■ **Data provided**:
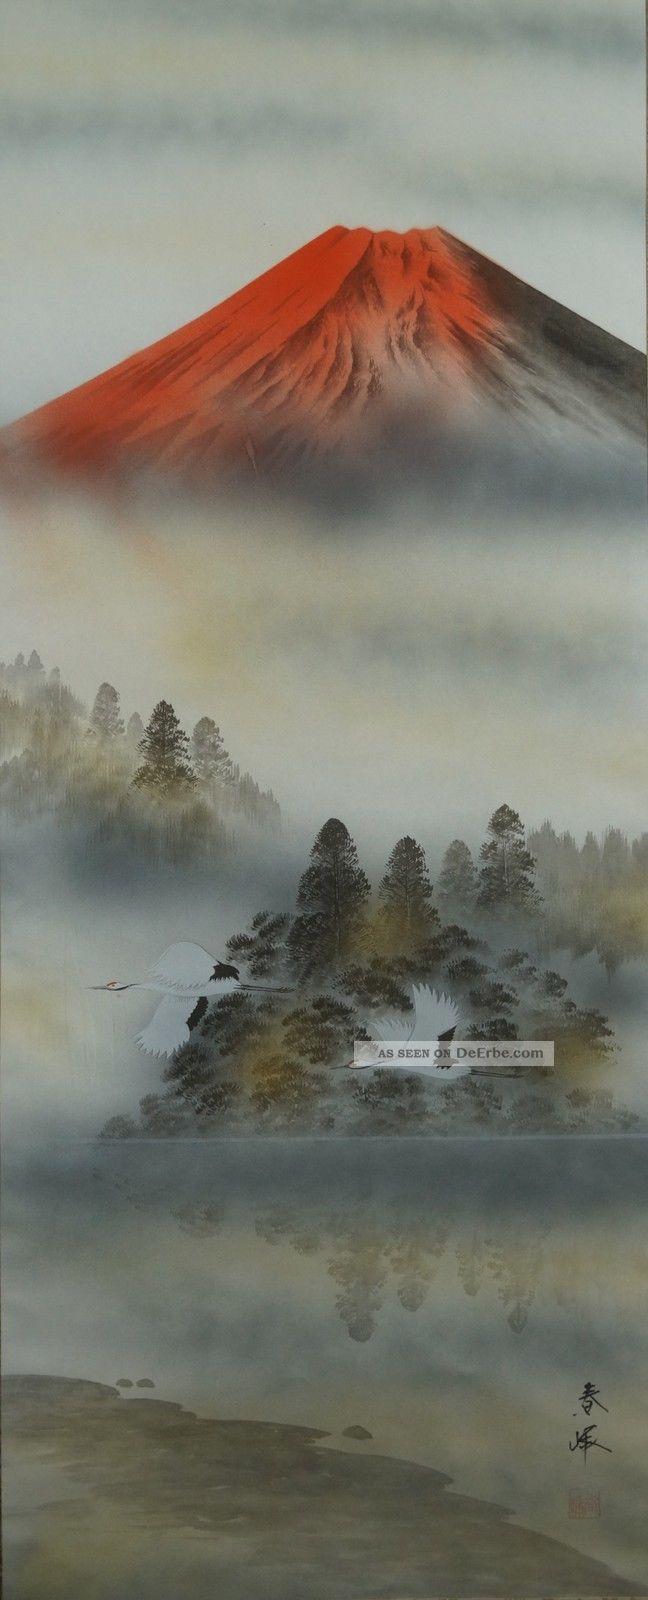 Antikes Japanisches Rollbild Kakejiku Berg Fuji Japan Scroll 3622 Asiatika: Japan Bild
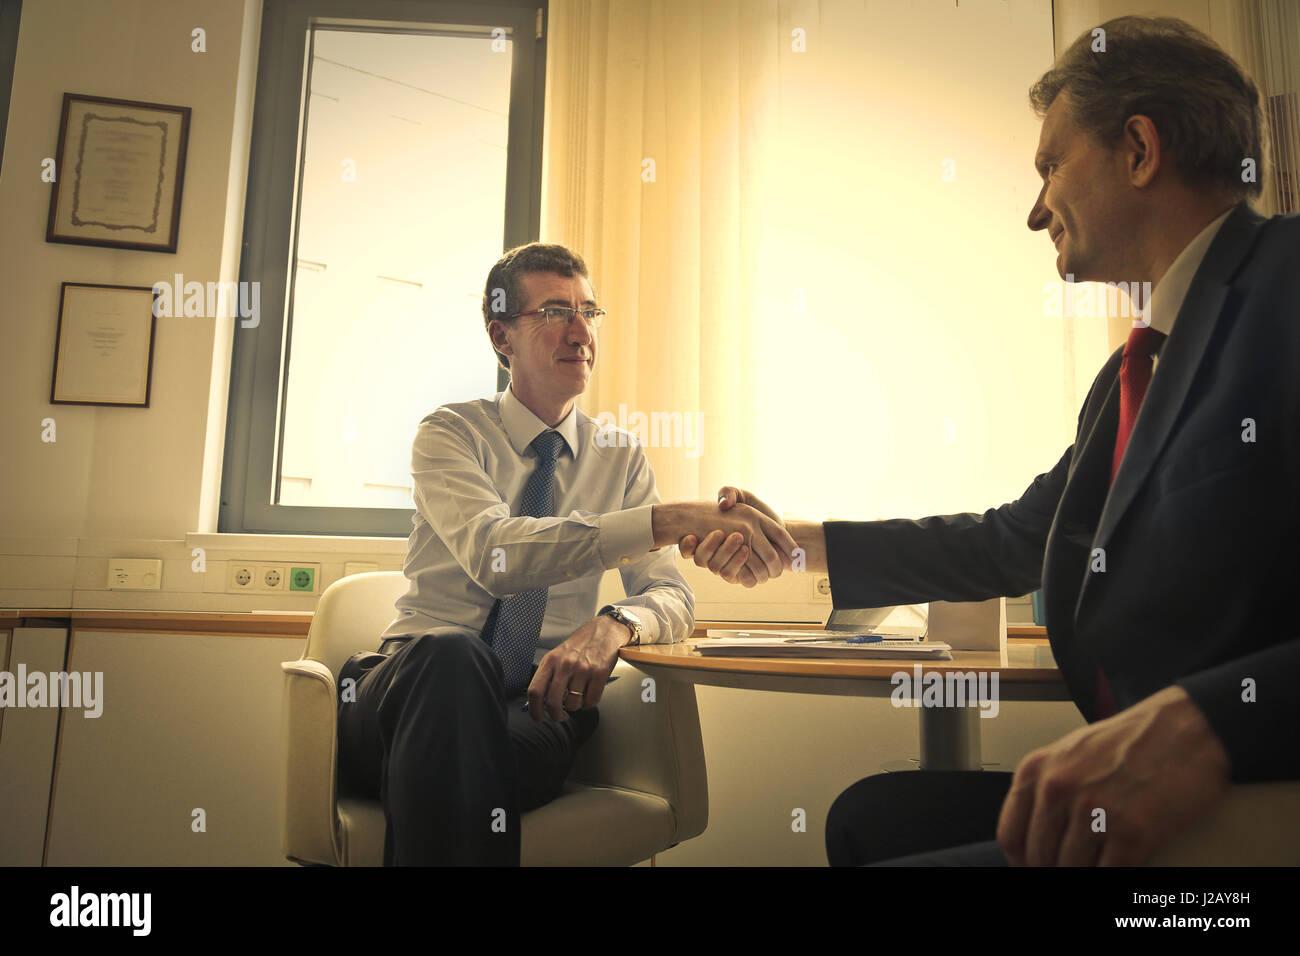 2 businessman shaking hands - Stock Image
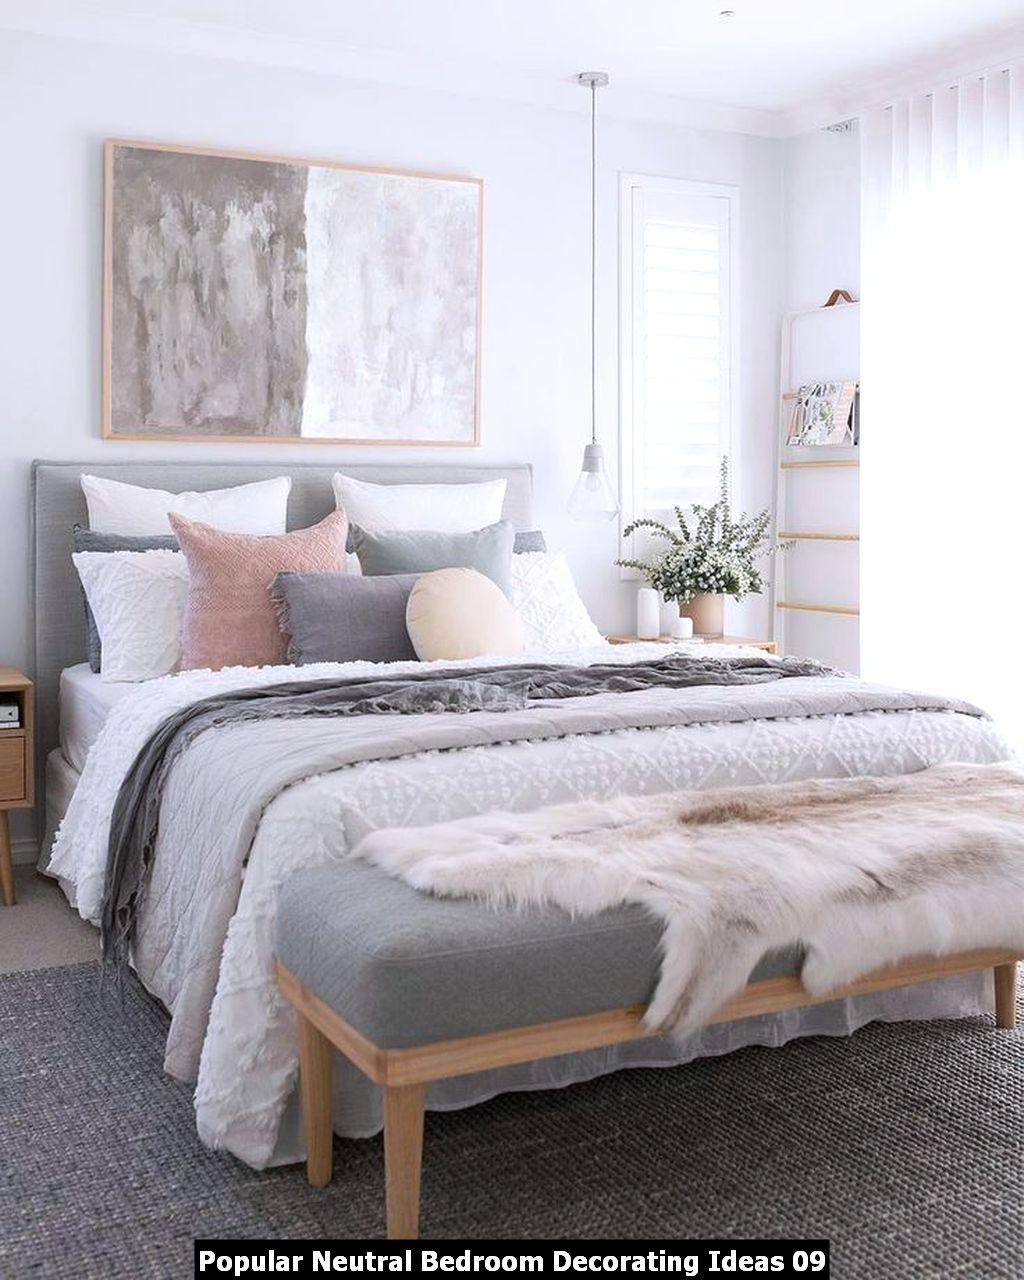 Popular Neutral Bedroom Decorating Ideas 09
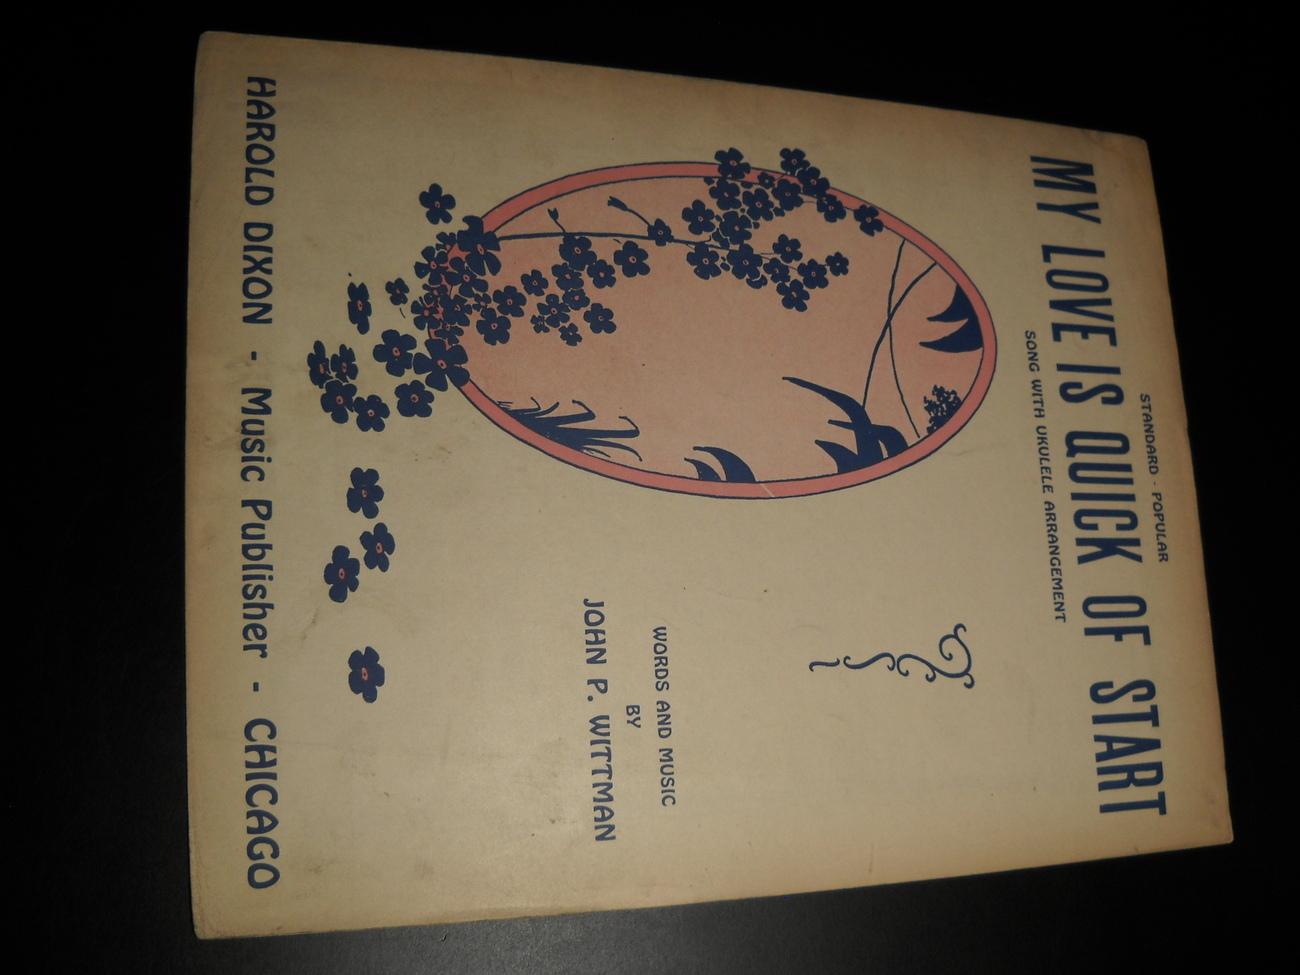 Sheet_music_my_love_is_quick_of_start_john_p_whitman_1931_harold_dixon_01

■ **To do**:
Output the listing above exactly as it stands; no picture should appear.

■ **Answer box**:
 Antikes Japanisches Rollbild Kakejiku Berg Fuji Japan Scroll 3622 Asiatika: Japan Bild
 2 businessman shaking hands - Stock Image
 Popular Neutral Bedroom Decorating Ideas 09
 Sheet_music_my_love_is_quick_of_start_john_p_whitman_1931_harold_dixon_01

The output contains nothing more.